Выбрать главу

А известность «РТ» и в самом деле набирал сумасшедшую: в киосках он не залёживался, его расхватывали мгновенно.

Думаю, что в это внесли свою лепту и мы с Рощиным, с которым быстро перешли на «ты» и действовали очень слаженно. Помимо рассказов наших (в основном, «новомировских») авторов опубликовали отрывок из романа Германа Броха «Возвращение Вергилия»: впервые на нашей родине печатался этот очень известный во всём мире австрийский писатель. А стихи? Мы печатали почти всех лучших поэтов того времени.

Правда, здесь приходилось нам или, точнее, мне, потому что в публикации стихов Рощин полностью полагался на меня, преодолевать жгучее желание Игоря Саркисяна увидеть напечатанными собственные стихи.
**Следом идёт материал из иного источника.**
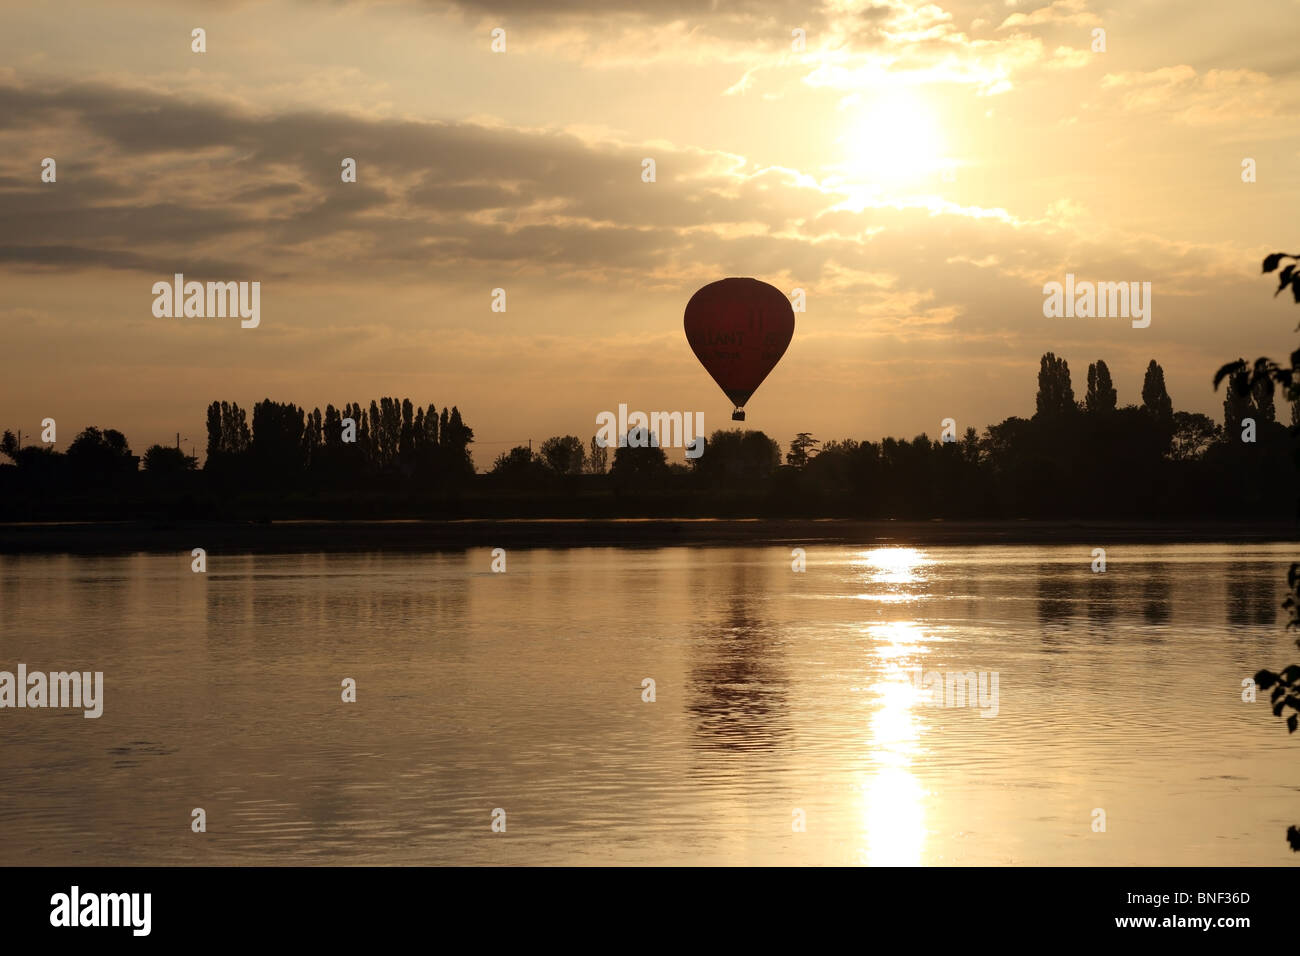 Hot Air Balloon Flying Over the Town of Les Rosiers Sur Loire Just After Sunrise With the Loire River in the Foreground France Stock Photo

Талантливый, как я уже говорил, публицист, он был ещё и поэтом-графоманом. Причём страшно сердился на меня за нежелание напечатать его стихи. «Что они, хуже Евтушенко? – спрашивал он меня. – Или Вознесенского?» «Что же сравнивать себя с теми, кого не любишь, – отвечал я ему. – Ты сравнивай свои стихи с теми, какие любишь». «Я Маяковского люблю и Есенина, – говорил Саркисян. – Но пишу, как ты заметил, по-другому!» «Под Маяковского», – уточнял я. «Но не как Маяковский!» – сердился Игорь.

Многие годы, почти до самой своей смерти (он умер в 2001 году) он звонил мне, как правило, сильно навеселе (он начал пить на Чукотке), читал стихи, ругался из-за них со мной, бросал трубку, чтобы через некоторое время снова позвонить, прочитать только что написанное…

Придумали мы с Рощиным к грядущему пятидесятилетию Октября печатать антологию произведений о русской революции, где красным шрифтом были бы обозначены фамилии тех литераторов, которые приняли октябрьский переворот, а чёрным – тех, кто его не принял. Это нынче именуют 7 ноября Днём согласия и примирения, нынче устанавливают обелиски и красным и белым – всем, кто погиб в жестокой российской междоусобице. А тогда к нашей идее руководство Комитета отнеслось не просто кисло, но враждебно, о чём оно уведомило нас через некоторое время, когда громило «РТ-программы».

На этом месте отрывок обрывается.